The Prime Minister spent his leadership election campaign pledging to save, and I quote him, “our women” from the supposed threat of trans people, and we currently have an Equalities Minister—not the Minister opposite, the right hon. Member for Pudsey (Stuart Andrew), I hasten to add—who feels able to use the term trans women and predator in the same sentence, as if the two were somehow inherently the same. Although she appears to have lost the battle, it was reported that she wished to exclude trans people completely from the proposed ban on conversion therapy even though they are more likely than anyone else to be subjected to it.
For the record, I believe that the cause of equal rights best advances when the interests of all those who have suffered discrimination in the past advance. We advance together. There is no contradiction between LGBT+ rights and women’s rights that is not adequately covered in the Equality Act 2010. Trans rights which grant them respect and dignity are not a threat to anyone, and I say that as a lifelong feminist and a lesbian.

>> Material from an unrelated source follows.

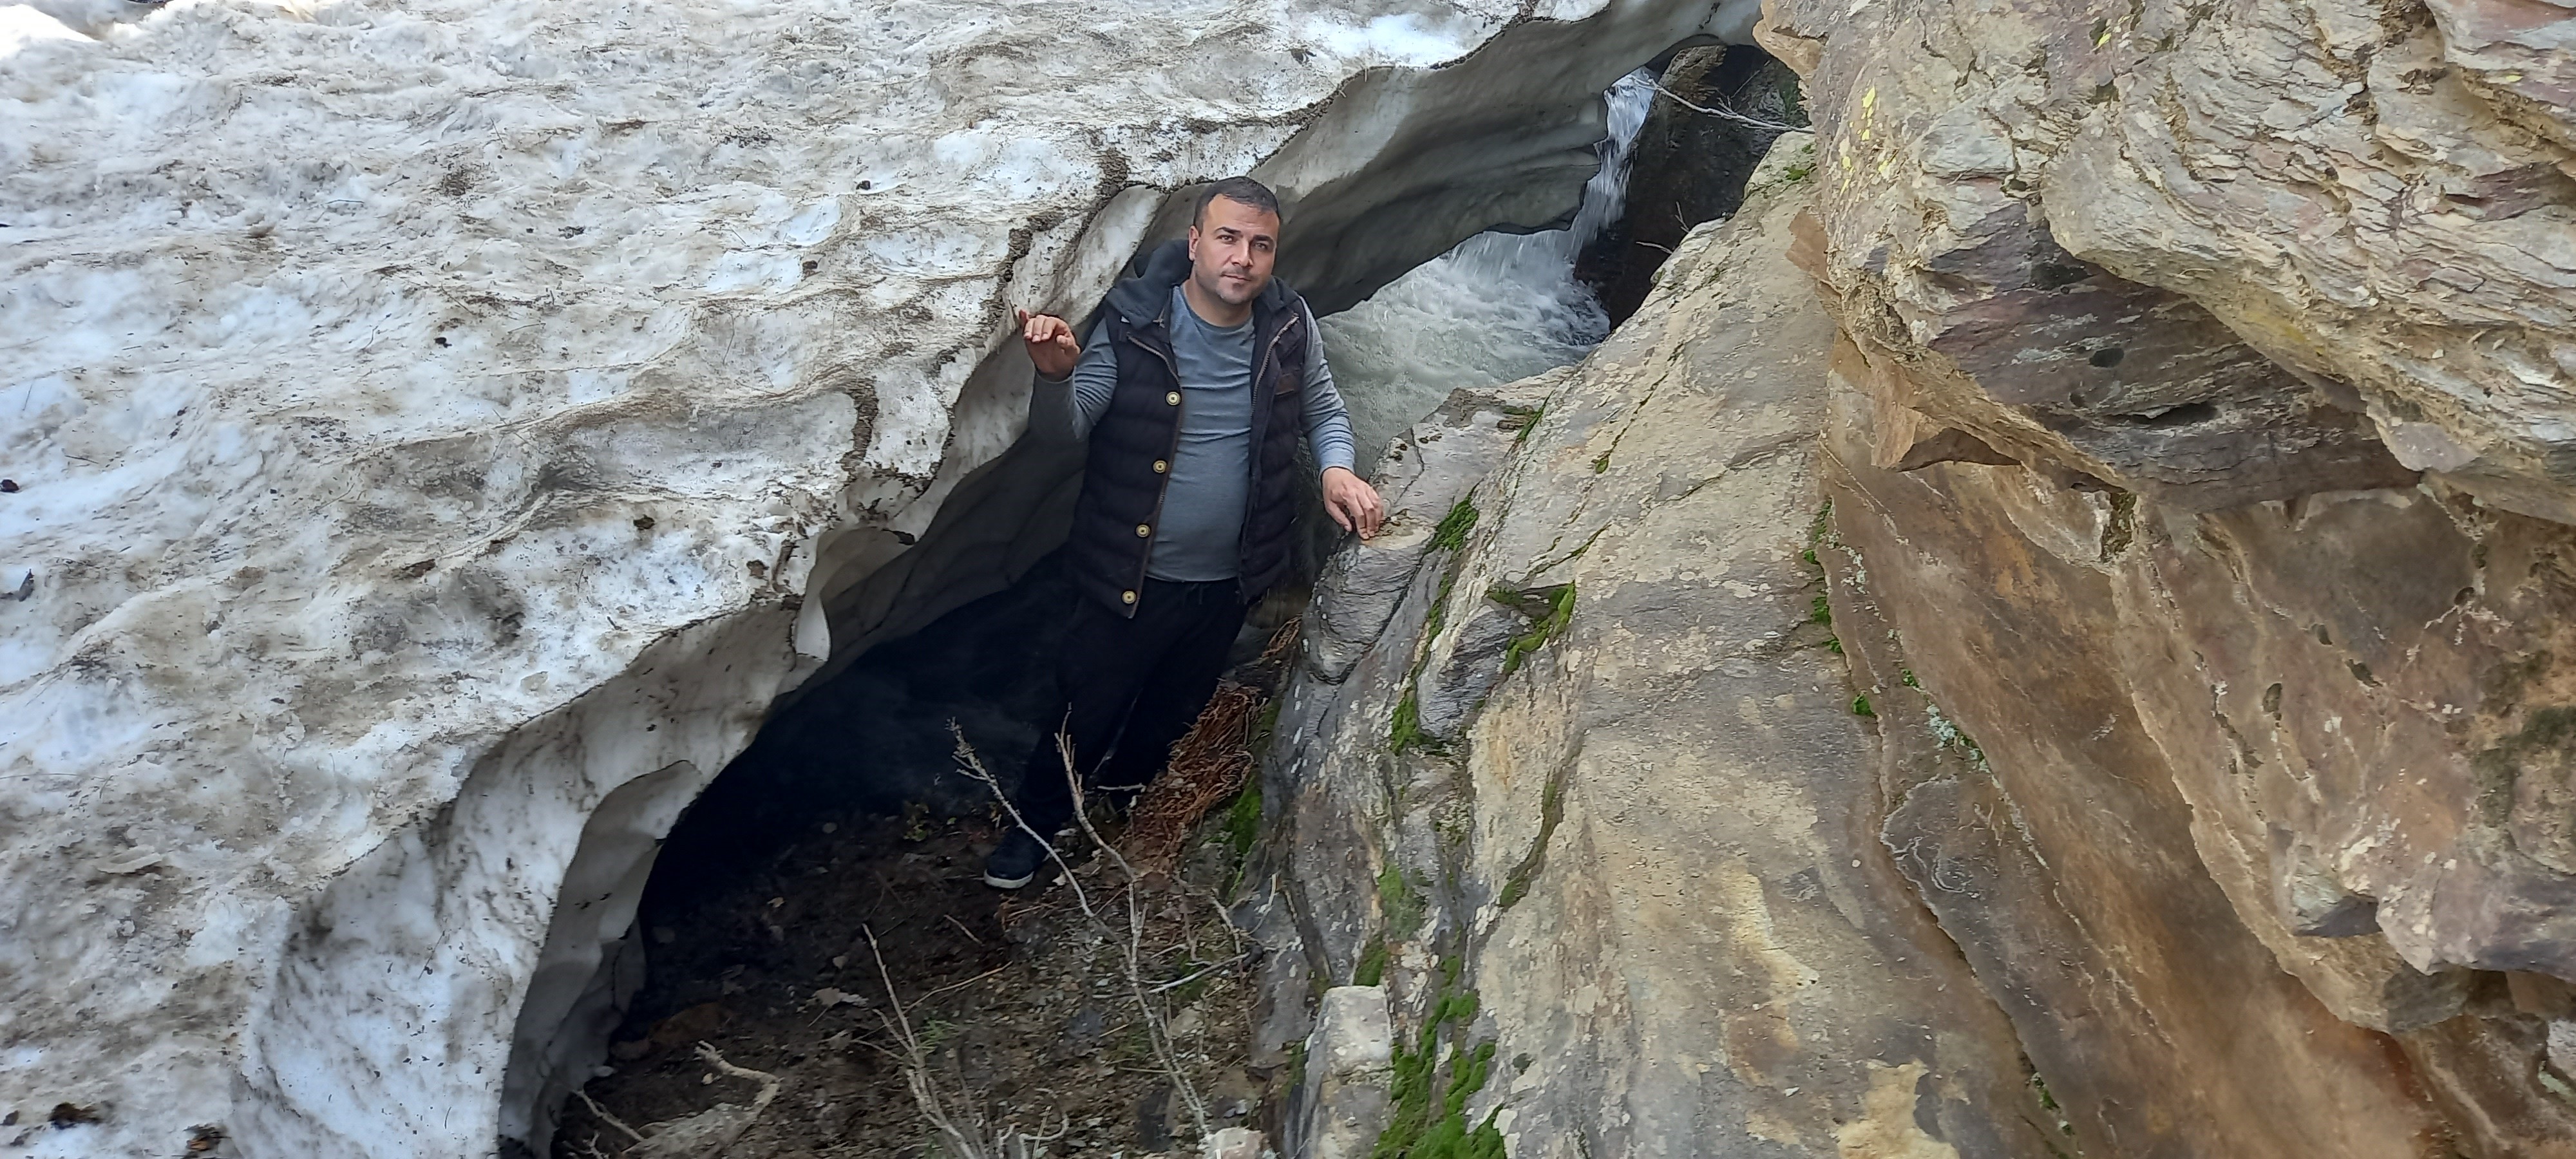 Bitlis'in kar tünelleri buzdan mağaraları andırıyor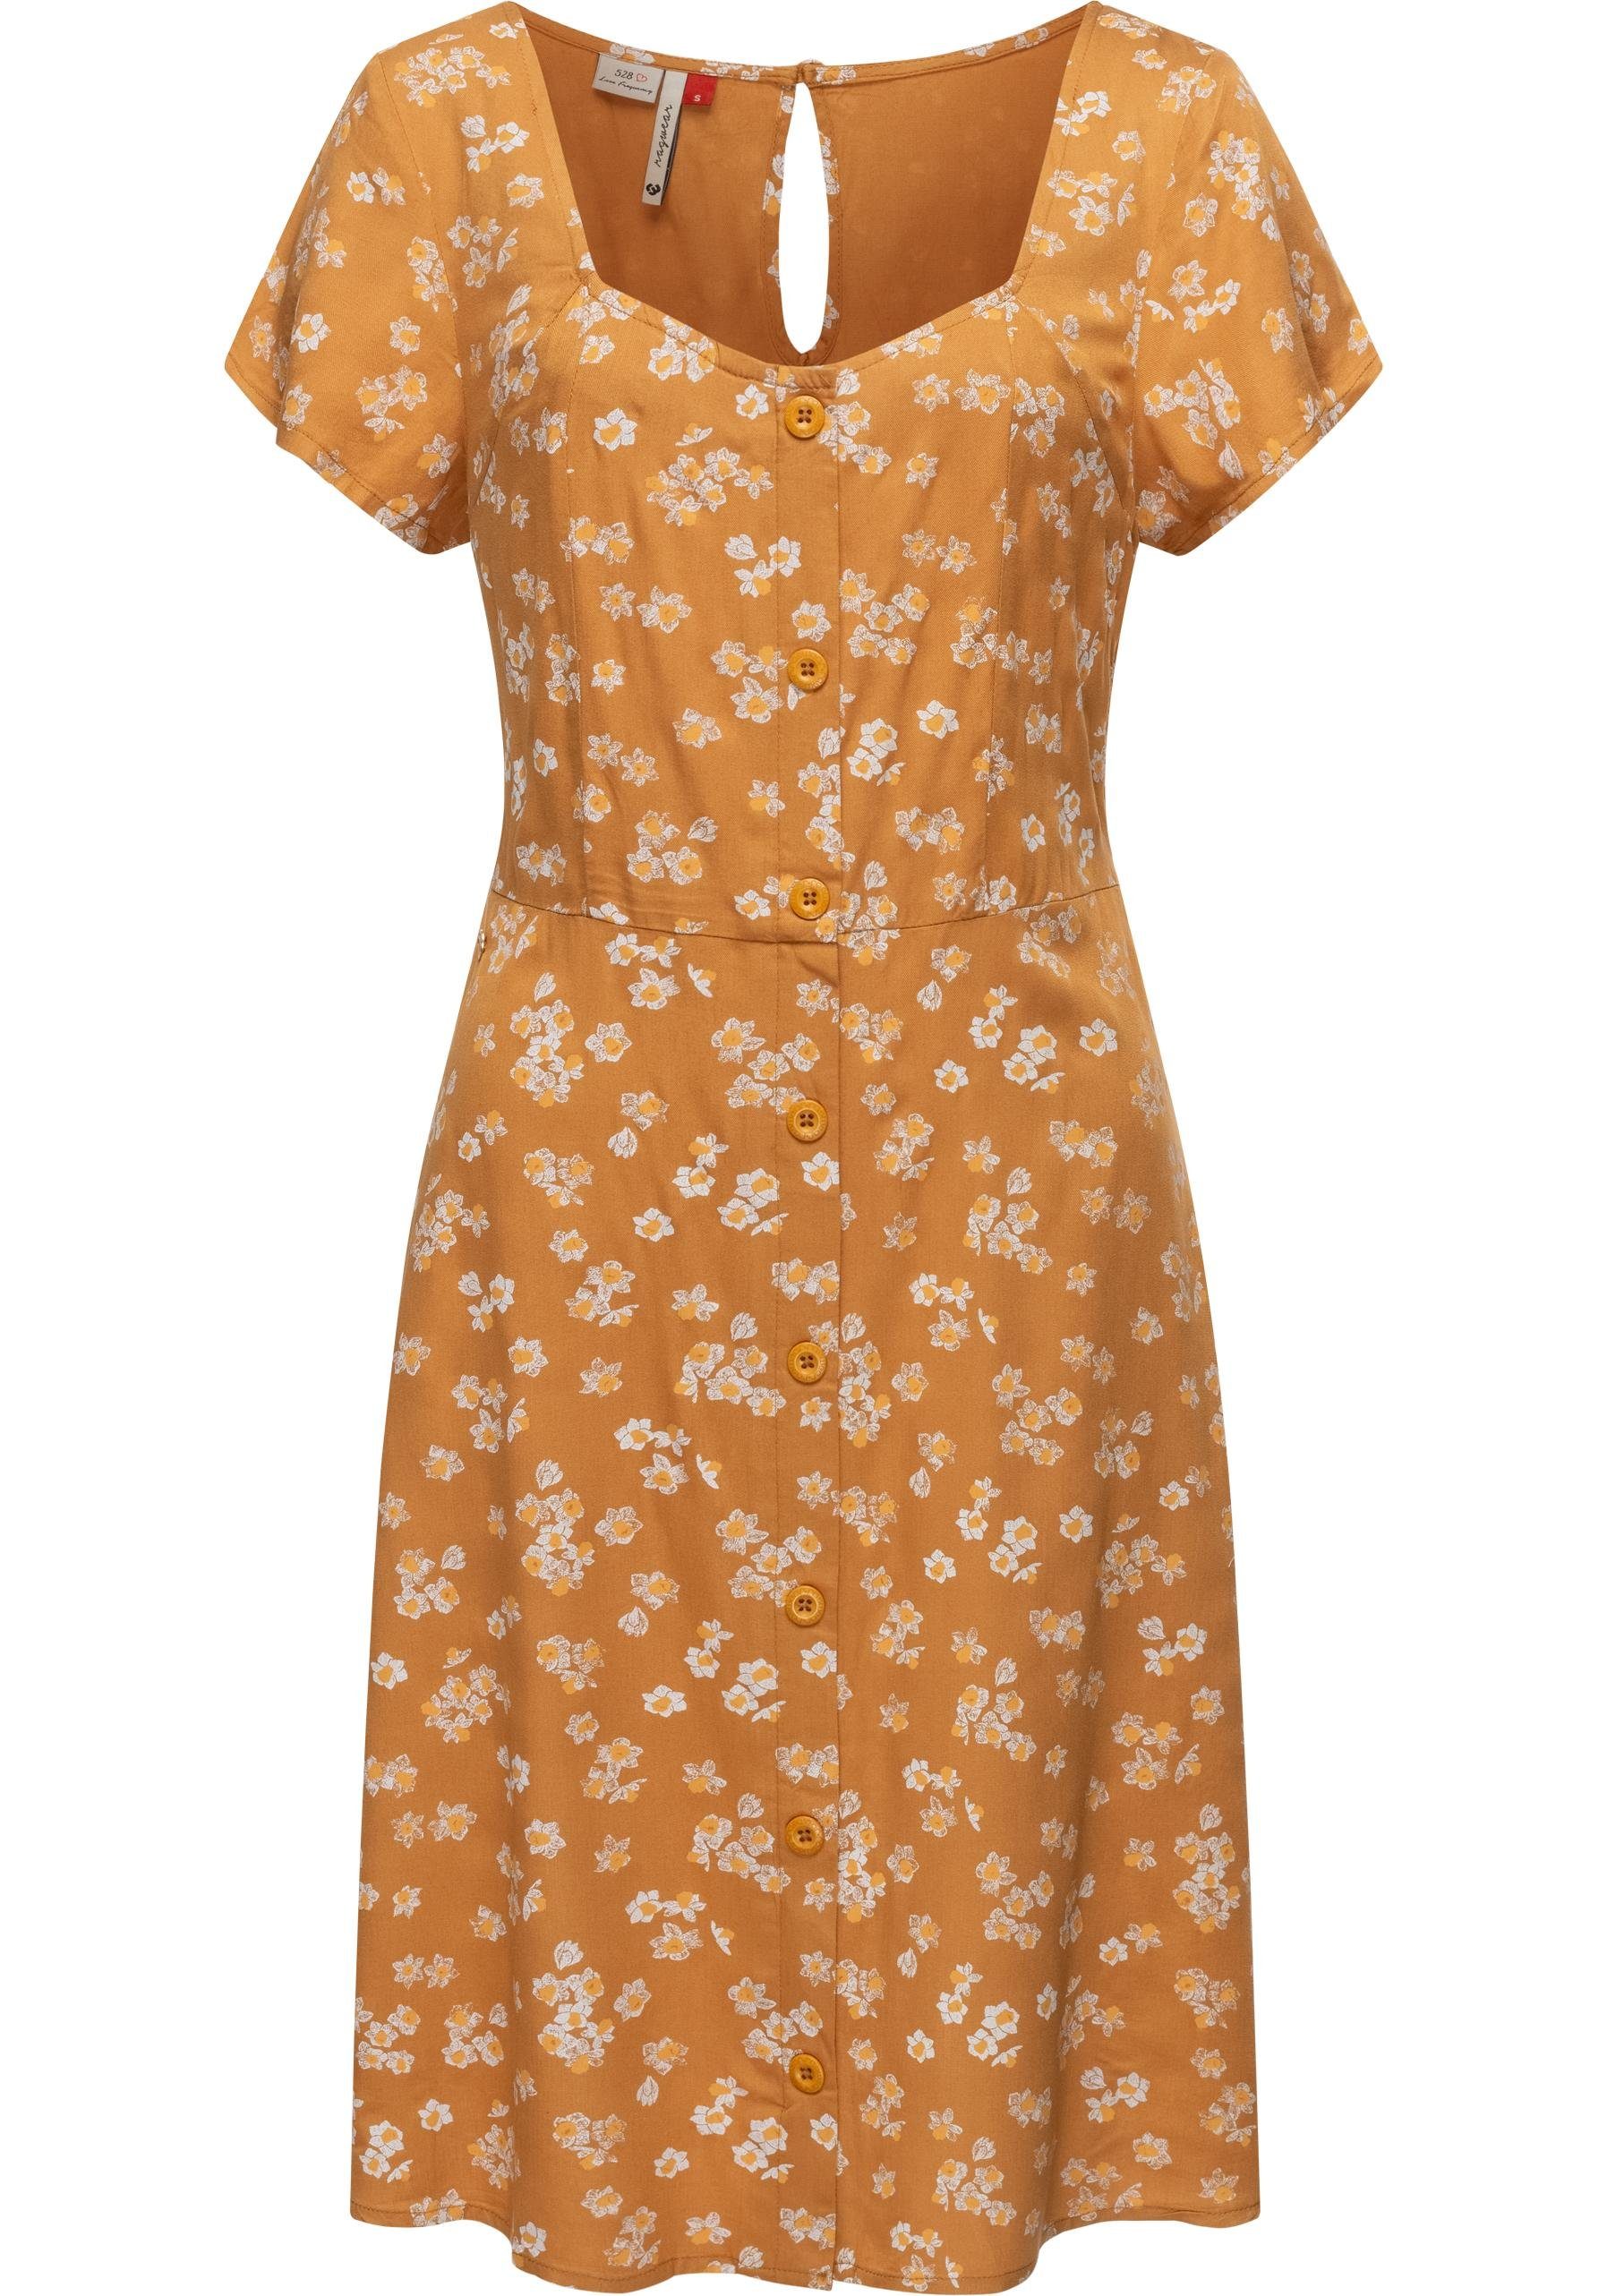 Ragwear Blusenkleid Anerley stylisches Sommerkleid mit Allover Print curry

It is obvious that we are now in the midst of a well-organised global backlash against LGBT+ rights. It is well-funded, ferocious and potentially deadly for LGBT+ people. Its adherents range across the globe, from President Putin to Steve Bannon, from Viktor Orbán to ex-President Trump. Its aim is to reverse progress and, sadly, our own country is by no means immune to these global issues. The Government’s announcement of a review of those countries whose gender recognition certificates they will recognise is ominous, with rumours circulating that the Government are seeking to delist as many as 18 countries whose gender recognition certificates we currently accept. That is so that they can justify their use of section 35 of the Scotland Act 1998 to strike down the recently passed Scottish law on gender recognition. Surely the best way forward would be to have, not that confrontation, but a sensible discussion to find a way through. I urge the Government to reconsider their confrontational stance. I hope the rumours of delisting are not true and that the Minister can reassure us on that point, because such a move would take away existing rights.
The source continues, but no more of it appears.